_Goal of the exercise_
Please find the lines in the entries below that contain the word "California", and copy each one.

▶

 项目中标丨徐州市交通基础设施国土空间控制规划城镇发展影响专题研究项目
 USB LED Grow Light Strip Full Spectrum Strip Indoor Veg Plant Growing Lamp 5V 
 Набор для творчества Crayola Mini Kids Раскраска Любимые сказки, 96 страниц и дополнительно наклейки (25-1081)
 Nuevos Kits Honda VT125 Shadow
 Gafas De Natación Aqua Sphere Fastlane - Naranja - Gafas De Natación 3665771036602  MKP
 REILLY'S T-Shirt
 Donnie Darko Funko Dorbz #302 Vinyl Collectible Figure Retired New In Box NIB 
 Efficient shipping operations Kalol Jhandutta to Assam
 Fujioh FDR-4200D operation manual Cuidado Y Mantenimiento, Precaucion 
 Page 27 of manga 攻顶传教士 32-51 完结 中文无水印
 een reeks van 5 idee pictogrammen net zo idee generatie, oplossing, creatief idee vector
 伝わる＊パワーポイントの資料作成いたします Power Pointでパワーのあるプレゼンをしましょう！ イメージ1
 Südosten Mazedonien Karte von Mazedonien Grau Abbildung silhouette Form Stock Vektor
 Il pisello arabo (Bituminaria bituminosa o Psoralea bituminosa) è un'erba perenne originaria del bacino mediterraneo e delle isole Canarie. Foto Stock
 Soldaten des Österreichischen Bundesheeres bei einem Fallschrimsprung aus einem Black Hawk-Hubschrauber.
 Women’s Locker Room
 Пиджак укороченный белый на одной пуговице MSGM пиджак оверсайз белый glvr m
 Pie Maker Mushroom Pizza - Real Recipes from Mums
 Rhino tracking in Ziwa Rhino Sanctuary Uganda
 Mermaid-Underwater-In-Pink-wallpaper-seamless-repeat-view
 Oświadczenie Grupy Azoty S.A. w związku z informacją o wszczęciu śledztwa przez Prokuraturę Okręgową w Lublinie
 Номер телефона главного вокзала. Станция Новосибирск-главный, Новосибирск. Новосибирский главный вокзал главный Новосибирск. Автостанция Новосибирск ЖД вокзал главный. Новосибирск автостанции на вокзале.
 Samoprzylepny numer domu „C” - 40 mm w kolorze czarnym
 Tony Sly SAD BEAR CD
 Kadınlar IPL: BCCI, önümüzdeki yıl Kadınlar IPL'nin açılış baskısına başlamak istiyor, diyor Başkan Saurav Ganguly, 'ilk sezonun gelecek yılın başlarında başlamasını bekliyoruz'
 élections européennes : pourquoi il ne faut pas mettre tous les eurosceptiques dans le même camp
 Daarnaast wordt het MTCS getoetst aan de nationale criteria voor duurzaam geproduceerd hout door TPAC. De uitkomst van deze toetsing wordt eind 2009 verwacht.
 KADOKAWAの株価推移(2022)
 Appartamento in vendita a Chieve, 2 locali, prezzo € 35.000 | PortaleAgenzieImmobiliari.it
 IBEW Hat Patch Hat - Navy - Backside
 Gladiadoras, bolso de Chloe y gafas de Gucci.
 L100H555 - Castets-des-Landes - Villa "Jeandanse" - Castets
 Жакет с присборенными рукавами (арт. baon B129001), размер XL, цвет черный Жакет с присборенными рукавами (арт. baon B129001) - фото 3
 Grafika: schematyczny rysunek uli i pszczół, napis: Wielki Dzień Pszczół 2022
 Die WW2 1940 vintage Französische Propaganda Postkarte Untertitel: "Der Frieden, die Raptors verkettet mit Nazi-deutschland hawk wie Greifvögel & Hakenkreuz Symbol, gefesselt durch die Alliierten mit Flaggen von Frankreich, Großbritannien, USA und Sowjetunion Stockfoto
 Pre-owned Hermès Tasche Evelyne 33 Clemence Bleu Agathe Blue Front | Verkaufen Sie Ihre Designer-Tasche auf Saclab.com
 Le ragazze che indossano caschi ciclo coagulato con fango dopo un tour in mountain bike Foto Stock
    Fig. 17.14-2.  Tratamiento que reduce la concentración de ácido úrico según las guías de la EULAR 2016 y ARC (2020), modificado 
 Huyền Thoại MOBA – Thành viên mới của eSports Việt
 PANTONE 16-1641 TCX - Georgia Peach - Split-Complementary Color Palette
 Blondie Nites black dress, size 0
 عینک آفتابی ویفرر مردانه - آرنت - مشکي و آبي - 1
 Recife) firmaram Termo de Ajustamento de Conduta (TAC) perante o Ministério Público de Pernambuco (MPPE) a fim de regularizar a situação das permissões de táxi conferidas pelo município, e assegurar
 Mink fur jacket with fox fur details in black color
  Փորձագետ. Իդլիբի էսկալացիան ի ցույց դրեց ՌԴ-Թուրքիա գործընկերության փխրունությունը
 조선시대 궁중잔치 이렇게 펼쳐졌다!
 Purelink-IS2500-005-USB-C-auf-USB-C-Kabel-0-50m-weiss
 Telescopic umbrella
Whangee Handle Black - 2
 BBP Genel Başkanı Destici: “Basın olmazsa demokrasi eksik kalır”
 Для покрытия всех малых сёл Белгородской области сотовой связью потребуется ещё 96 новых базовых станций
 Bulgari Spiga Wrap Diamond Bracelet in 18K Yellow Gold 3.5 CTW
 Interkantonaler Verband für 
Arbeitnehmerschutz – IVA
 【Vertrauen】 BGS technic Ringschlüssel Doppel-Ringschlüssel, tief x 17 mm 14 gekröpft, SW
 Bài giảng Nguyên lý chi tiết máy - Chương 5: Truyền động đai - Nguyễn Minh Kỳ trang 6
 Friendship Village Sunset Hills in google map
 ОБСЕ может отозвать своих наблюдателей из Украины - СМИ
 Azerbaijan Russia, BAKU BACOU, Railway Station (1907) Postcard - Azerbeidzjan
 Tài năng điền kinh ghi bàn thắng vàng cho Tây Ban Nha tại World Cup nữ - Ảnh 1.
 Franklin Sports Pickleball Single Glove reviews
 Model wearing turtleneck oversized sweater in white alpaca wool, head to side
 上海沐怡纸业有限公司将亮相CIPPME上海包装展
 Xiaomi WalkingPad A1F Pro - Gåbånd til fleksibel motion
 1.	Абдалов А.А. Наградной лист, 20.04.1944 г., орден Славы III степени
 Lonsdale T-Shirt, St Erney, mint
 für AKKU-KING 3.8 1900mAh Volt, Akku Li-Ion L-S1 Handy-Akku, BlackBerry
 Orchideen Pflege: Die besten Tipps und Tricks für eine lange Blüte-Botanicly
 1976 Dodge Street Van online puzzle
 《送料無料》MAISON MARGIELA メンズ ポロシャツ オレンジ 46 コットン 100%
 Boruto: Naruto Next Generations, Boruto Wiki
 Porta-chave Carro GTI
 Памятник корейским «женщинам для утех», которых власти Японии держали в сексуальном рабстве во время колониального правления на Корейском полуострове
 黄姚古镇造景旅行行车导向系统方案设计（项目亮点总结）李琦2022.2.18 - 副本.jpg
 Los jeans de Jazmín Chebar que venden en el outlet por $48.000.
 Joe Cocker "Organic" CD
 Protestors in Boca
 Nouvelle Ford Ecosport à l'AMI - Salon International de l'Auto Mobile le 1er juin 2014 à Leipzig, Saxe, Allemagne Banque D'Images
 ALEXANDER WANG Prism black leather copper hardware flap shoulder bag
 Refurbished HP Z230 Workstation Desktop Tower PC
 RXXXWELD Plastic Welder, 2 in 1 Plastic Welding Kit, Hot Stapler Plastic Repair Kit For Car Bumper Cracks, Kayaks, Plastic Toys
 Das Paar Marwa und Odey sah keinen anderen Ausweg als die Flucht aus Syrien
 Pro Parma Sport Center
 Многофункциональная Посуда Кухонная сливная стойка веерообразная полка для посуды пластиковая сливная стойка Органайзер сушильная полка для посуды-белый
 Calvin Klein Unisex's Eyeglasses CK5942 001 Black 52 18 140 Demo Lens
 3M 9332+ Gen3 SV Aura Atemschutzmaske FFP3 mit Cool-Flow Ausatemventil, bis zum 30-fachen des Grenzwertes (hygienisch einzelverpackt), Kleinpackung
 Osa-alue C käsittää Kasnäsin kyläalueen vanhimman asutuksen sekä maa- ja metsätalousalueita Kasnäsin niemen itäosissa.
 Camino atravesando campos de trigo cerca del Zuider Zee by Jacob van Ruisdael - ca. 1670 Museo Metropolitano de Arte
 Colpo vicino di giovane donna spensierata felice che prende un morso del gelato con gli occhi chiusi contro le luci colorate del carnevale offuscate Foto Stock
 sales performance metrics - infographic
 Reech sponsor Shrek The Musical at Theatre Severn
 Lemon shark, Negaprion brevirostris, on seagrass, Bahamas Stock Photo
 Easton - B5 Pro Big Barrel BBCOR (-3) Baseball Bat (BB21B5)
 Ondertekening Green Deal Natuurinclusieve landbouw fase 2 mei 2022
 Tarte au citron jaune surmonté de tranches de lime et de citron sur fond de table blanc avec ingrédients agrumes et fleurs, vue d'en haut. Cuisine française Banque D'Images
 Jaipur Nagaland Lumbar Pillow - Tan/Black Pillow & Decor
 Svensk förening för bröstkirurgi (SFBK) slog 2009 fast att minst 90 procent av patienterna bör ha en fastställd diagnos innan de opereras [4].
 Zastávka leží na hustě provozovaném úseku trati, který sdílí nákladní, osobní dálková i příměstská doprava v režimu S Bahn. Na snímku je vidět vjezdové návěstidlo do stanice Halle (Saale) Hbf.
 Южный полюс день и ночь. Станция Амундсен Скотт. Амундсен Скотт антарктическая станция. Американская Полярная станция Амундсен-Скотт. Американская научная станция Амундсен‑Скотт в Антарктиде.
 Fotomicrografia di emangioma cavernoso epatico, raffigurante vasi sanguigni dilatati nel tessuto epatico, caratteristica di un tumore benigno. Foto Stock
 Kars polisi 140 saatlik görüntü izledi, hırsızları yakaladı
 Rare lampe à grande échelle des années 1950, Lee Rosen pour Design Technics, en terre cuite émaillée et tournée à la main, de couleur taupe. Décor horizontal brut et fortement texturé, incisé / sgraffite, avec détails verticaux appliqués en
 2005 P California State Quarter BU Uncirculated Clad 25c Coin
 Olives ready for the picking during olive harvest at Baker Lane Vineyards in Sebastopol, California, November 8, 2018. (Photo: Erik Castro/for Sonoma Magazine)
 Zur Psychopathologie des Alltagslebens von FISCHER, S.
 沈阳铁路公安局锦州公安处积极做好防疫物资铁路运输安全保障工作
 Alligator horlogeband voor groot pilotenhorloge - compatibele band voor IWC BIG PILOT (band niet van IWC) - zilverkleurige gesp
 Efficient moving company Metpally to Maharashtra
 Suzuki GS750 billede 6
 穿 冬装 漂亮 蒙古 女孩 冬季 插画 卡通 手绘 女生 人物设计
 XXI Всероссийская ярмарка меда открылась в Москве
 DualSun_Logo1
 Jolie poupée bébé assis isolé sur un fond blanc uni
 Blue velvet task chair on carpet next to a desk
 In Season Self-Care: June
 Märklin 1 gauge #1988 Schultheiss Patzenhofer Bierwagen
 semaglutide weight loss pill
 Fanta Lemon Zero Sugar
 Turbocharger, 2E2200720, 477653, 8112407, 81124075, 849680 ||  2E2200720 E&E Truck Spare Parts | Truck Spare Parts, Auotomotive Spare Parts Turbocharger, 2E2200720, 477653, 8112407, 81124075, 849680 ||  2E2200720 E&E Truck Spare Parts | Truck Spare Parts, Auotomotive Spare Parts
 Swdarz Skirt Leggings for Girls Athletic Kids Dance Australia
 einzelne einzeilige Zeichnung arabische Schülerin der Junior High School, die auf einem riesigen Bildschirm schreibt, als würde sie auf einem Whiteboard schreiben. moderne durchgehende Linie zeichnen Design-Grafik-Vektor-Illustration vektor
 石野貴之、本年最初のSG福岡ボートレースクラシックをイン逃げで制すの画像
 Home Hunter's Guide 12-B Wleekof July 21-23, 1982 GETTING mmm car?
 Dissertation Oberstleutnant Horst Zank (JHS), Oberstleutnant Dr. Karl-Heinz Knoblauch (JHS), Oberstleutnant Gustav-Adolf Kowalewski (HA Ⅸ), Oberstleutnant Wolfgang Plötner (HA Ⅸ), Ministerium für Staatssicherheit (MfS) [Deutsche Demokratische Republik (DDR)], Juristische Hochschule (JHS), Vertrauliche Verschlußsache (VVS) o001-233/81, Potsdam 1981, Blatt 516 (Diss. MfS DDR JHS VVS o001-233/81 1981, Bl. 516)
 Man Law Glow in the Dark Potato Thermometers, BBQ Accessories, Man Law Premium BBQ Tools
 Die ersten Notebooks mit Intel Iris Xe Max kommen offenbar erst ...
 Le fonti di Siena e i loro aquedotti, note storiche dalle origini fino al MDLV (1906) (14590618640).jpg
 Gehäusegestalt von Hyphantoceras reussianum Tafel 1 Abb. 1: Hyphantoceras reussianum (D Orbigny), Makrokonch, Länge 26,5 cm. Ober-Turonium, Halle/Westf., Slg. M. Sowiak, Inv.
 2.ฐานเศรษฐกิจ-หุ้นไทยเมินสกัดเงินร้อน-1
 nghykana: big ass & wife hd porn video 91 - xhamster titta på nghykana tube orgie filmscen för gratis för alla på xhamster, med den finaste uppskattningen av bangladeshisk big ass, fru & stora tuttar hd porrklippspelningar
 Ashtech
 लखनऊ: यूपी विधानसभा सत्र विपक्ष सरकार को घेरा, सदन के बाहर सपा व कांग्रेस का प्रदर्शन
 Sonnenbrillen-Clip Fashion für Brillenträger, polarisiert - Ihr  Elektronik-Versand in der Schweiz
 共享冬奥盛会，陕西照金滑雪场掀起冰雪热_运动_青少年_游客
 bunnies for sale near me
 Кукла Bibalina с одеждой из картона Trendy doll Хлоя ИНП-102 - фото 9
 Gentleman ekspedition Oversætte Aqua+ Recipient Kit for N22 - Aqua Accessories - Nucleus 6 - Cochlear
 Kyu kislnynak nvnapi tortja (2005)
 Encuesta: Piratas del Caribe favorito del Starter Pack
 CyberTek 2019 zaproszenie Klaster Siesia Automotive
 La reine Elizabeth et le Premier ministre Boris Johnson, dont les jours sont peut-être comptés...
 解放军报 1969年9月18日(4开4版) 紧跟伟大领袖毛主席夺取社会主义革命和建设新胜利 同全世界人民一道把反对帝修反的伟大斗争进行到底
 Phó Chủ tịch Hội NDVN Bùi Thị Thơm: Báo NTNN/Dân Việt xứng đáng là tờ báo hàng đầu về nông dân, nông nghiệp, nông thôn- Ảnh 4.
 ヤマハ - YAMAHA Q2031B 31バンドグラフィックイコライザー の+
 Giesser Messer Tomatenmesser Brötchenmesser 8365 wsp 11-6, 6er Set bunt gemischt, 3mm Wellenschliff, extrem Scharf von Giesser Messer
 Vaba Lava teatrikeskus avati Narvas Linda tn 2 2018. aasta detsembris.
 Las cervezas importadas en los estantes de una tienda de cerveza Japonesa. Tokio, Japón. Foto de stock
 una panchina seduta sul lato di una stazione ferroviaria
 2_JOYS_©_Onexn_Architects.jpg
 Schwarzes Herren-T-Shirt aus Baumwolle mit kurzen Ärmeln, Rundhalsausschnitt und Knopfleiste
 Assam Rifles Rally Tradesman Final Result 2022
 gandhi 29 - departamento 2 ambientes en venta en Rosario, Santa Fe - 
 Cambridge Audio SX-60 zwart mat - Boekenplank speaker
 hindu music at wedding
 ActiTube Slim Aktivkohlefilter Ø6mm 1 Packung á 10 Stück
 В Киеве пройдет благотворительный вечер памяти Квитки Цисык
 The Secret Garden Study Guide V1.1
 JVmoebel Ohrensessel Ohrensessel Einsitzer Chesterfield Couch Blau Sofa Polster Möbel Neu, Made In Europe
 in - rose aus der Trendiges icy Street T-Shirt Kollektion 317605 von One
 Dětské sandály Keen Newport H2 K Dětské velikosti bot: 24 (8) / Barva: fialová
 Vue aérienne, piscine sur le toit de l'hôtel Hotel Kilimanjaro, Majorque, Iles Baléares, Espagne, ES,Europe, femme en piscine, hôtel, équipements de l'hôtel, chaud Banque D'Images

◀

_Written response_
 2005 P California State Quarter BU Uncirculated Clad 25c Coin
 Olives ready for the picking during olive harvest at Baker Lane Vineyards in Sebastopol, California, November 8, 2018. (Photo: Erik Castro/for Sonoma Magazine)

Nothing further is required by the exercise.